How to complete this task – Retype the listing below exactly, pictures removed.

Given information –
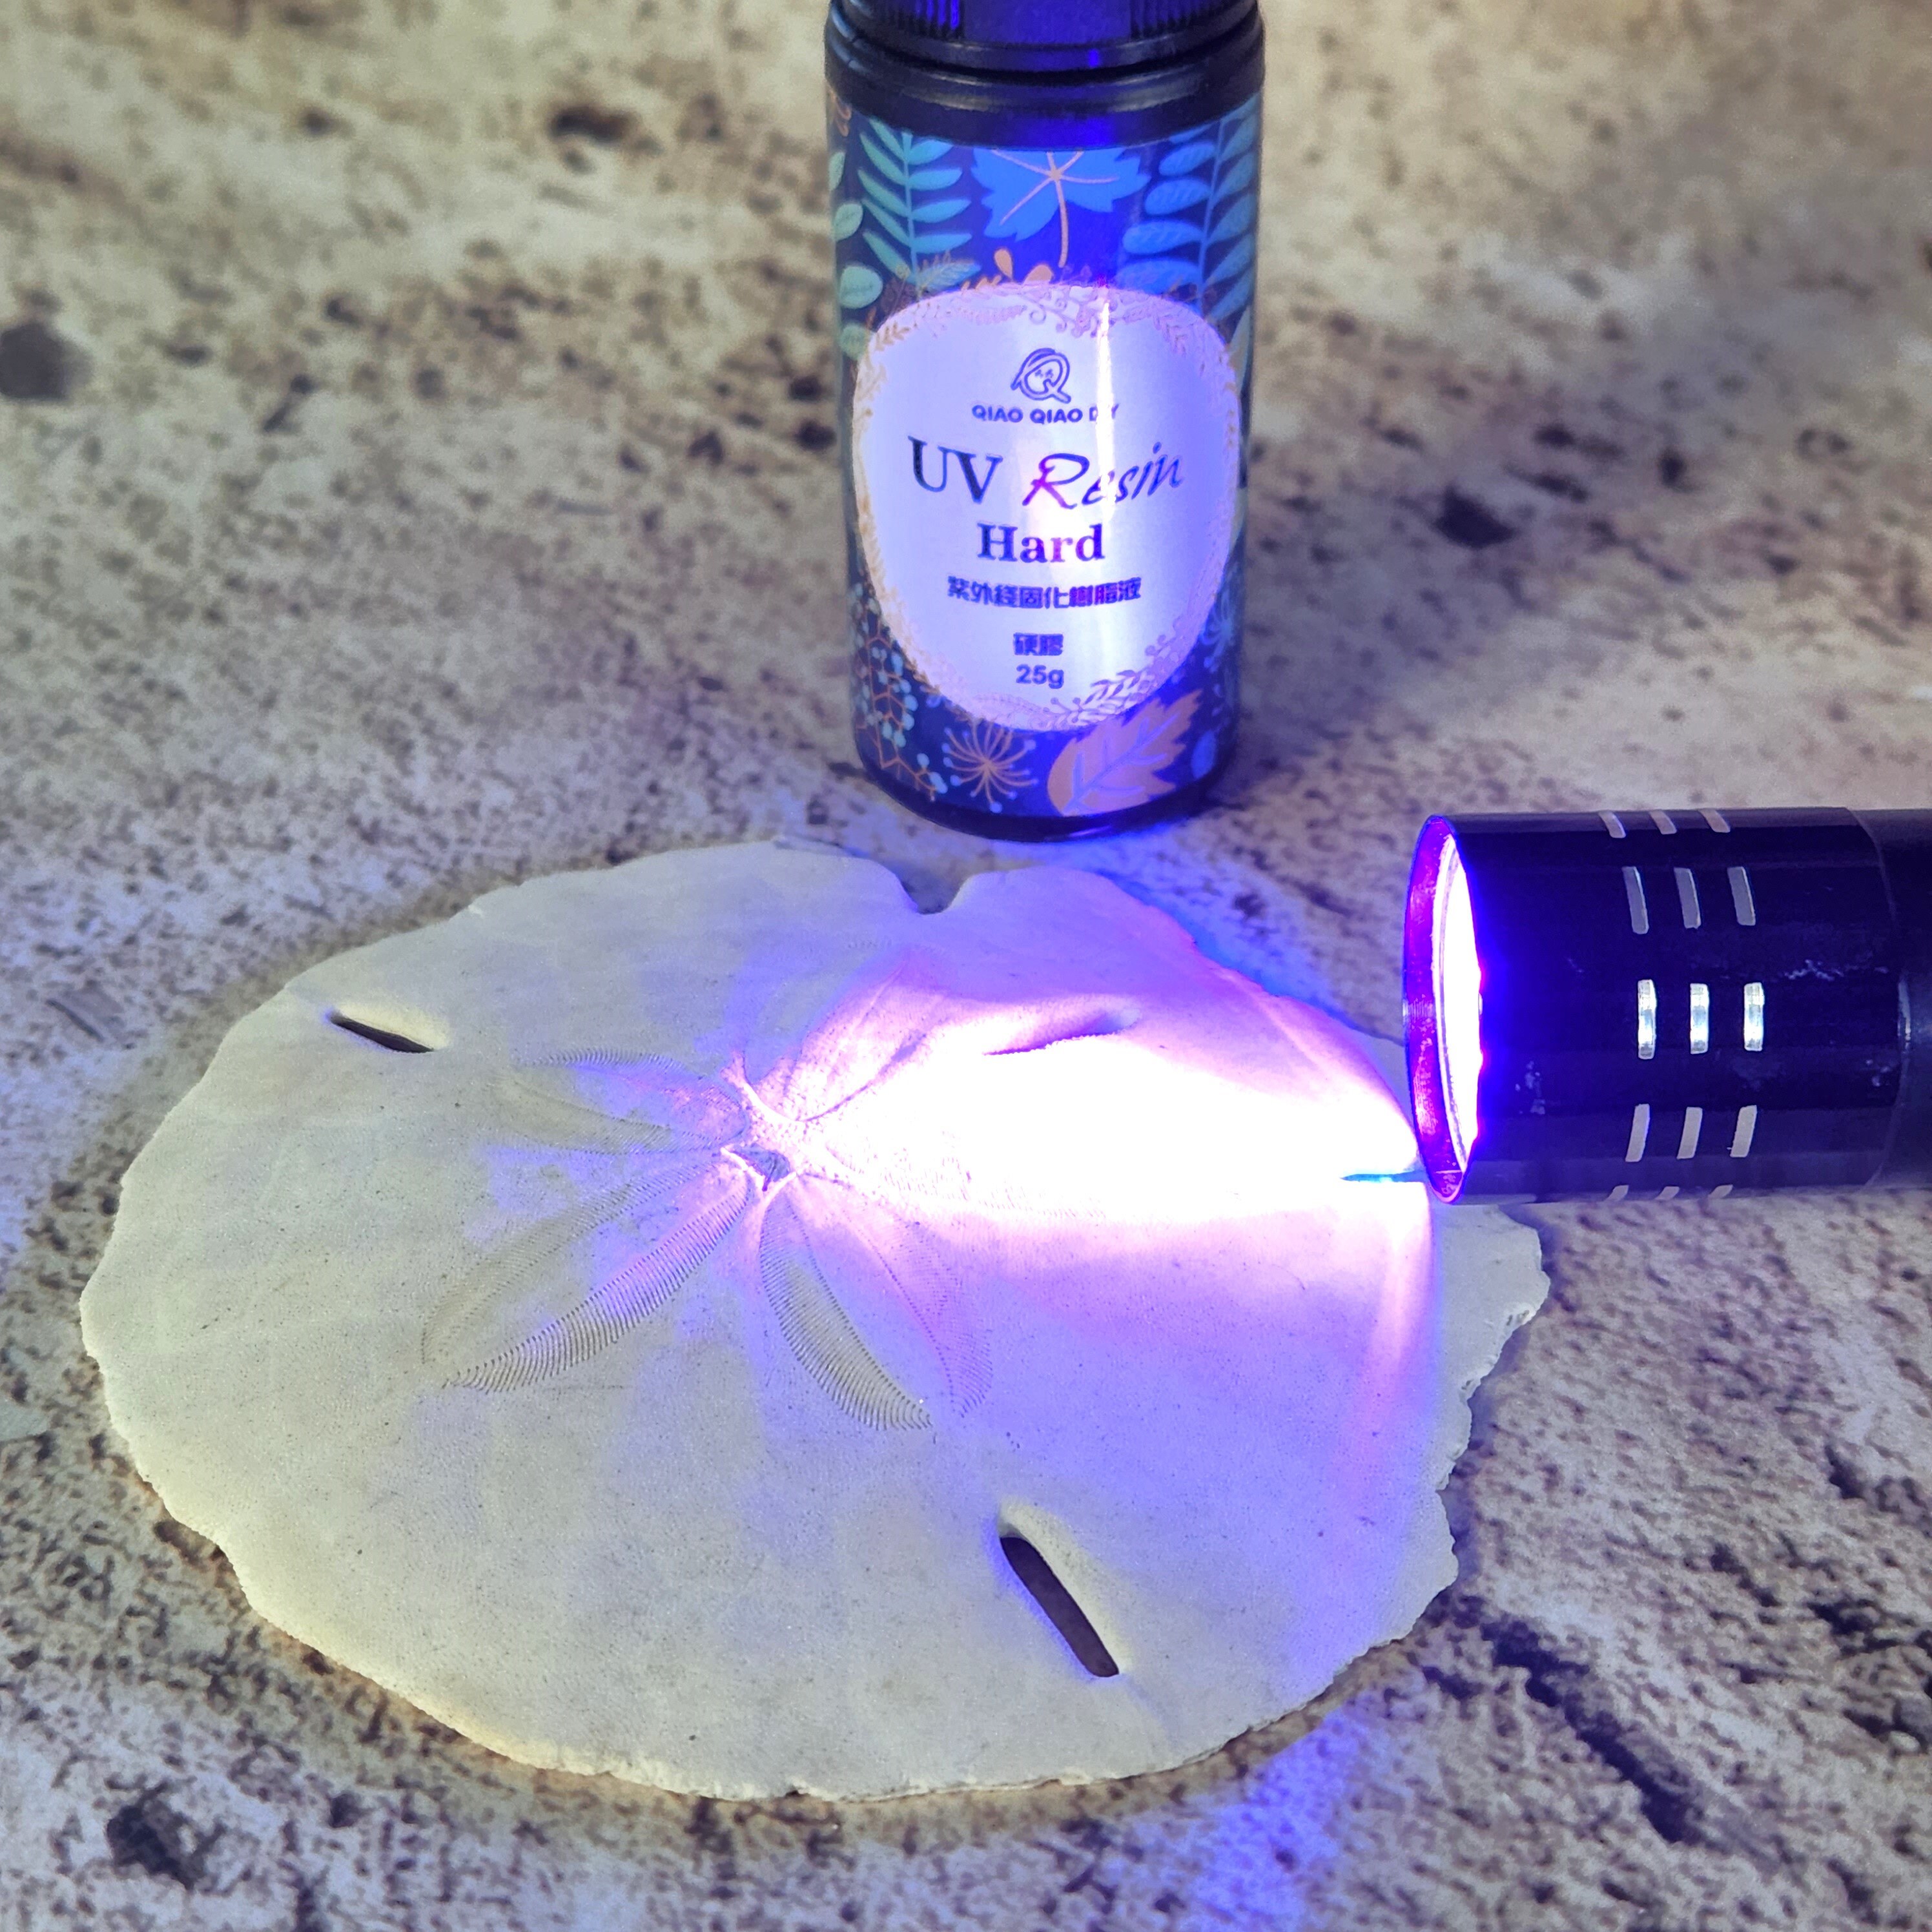 UV Resin Kit Beginner Resin Set UV Resin and Uv Light 25g Clear Hard UV  Resin, Uv Flashlight for Resin, Resin Supplies, Craft Kits 
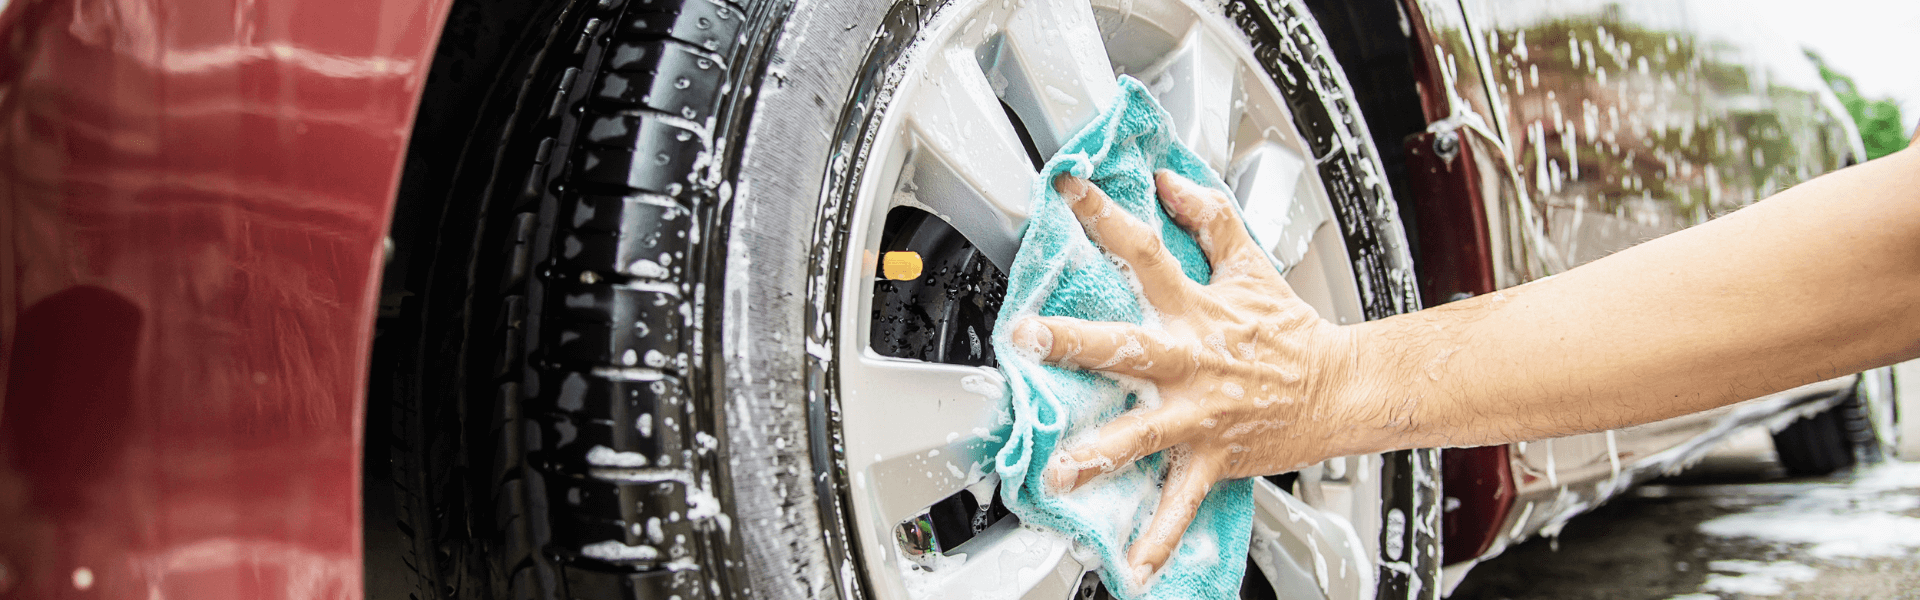 como lavar carros corretamente
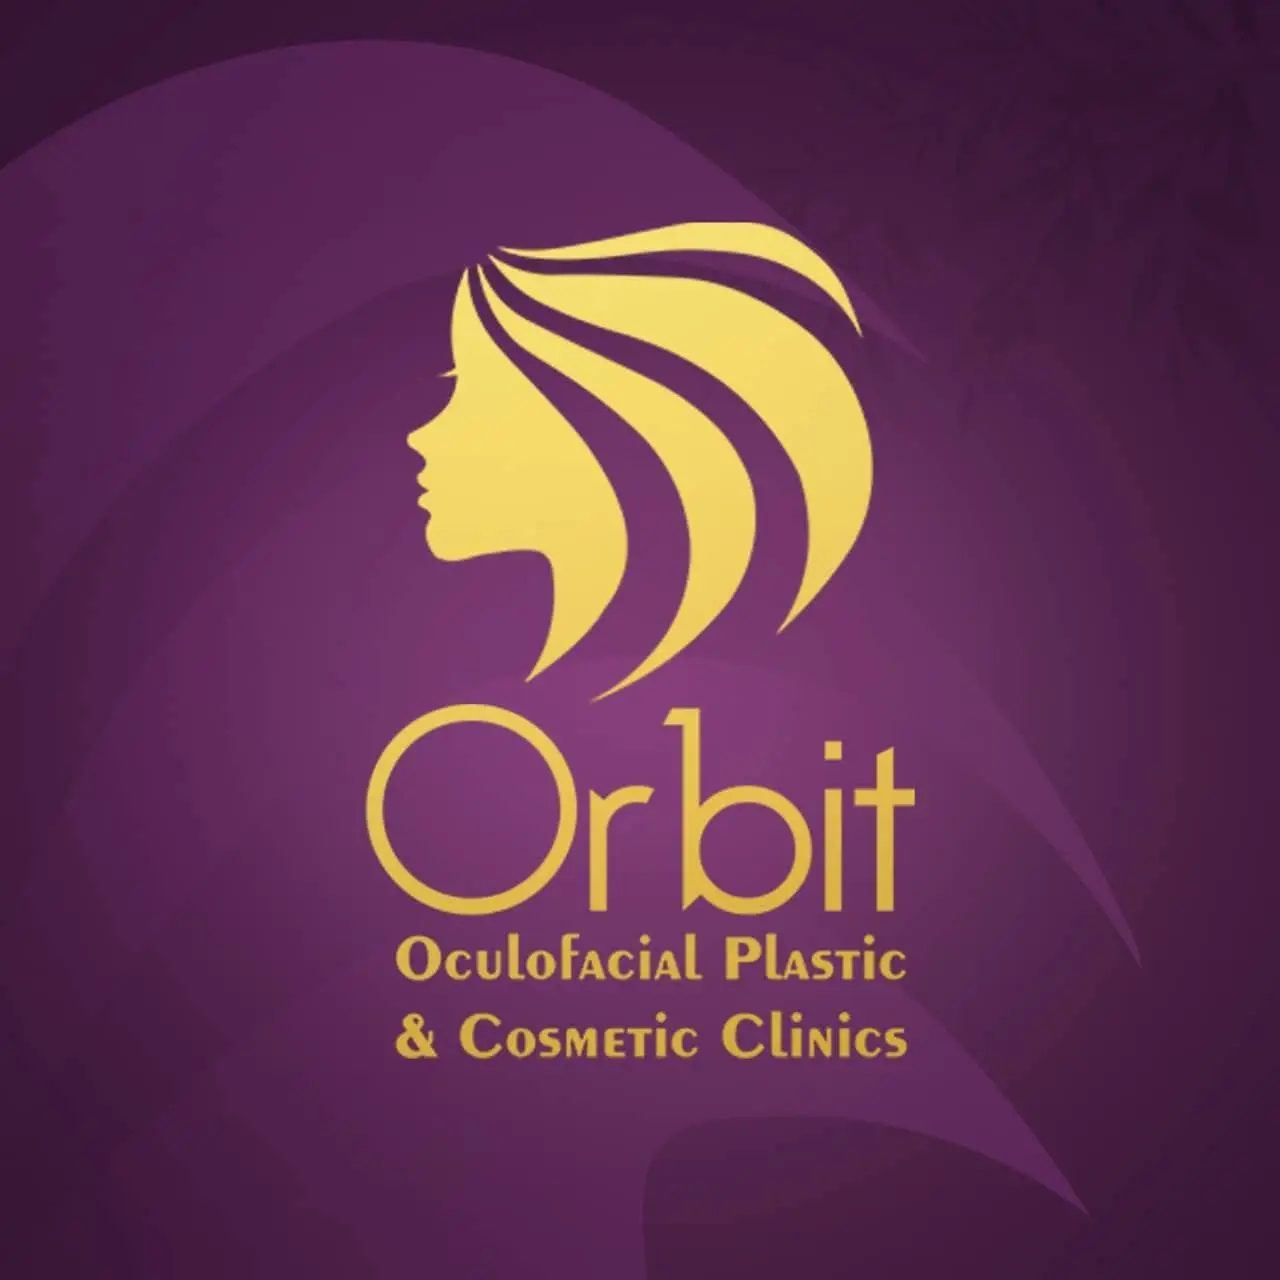 Beauty Clinics marketing: Orbit one of best beauty clinics in Egypt

Solution for this exercise –
 UV Resin Kit Beginner Resin Set UV Resin and Uv Light 25g Clear Hard UV  Resin, Uv Flashlight for Resin, Resin Supplies, Craft Kits 
 como lavar carros corretamente
 Beauty Clinics marketing: Orbit one of best beauty clinics in Egypt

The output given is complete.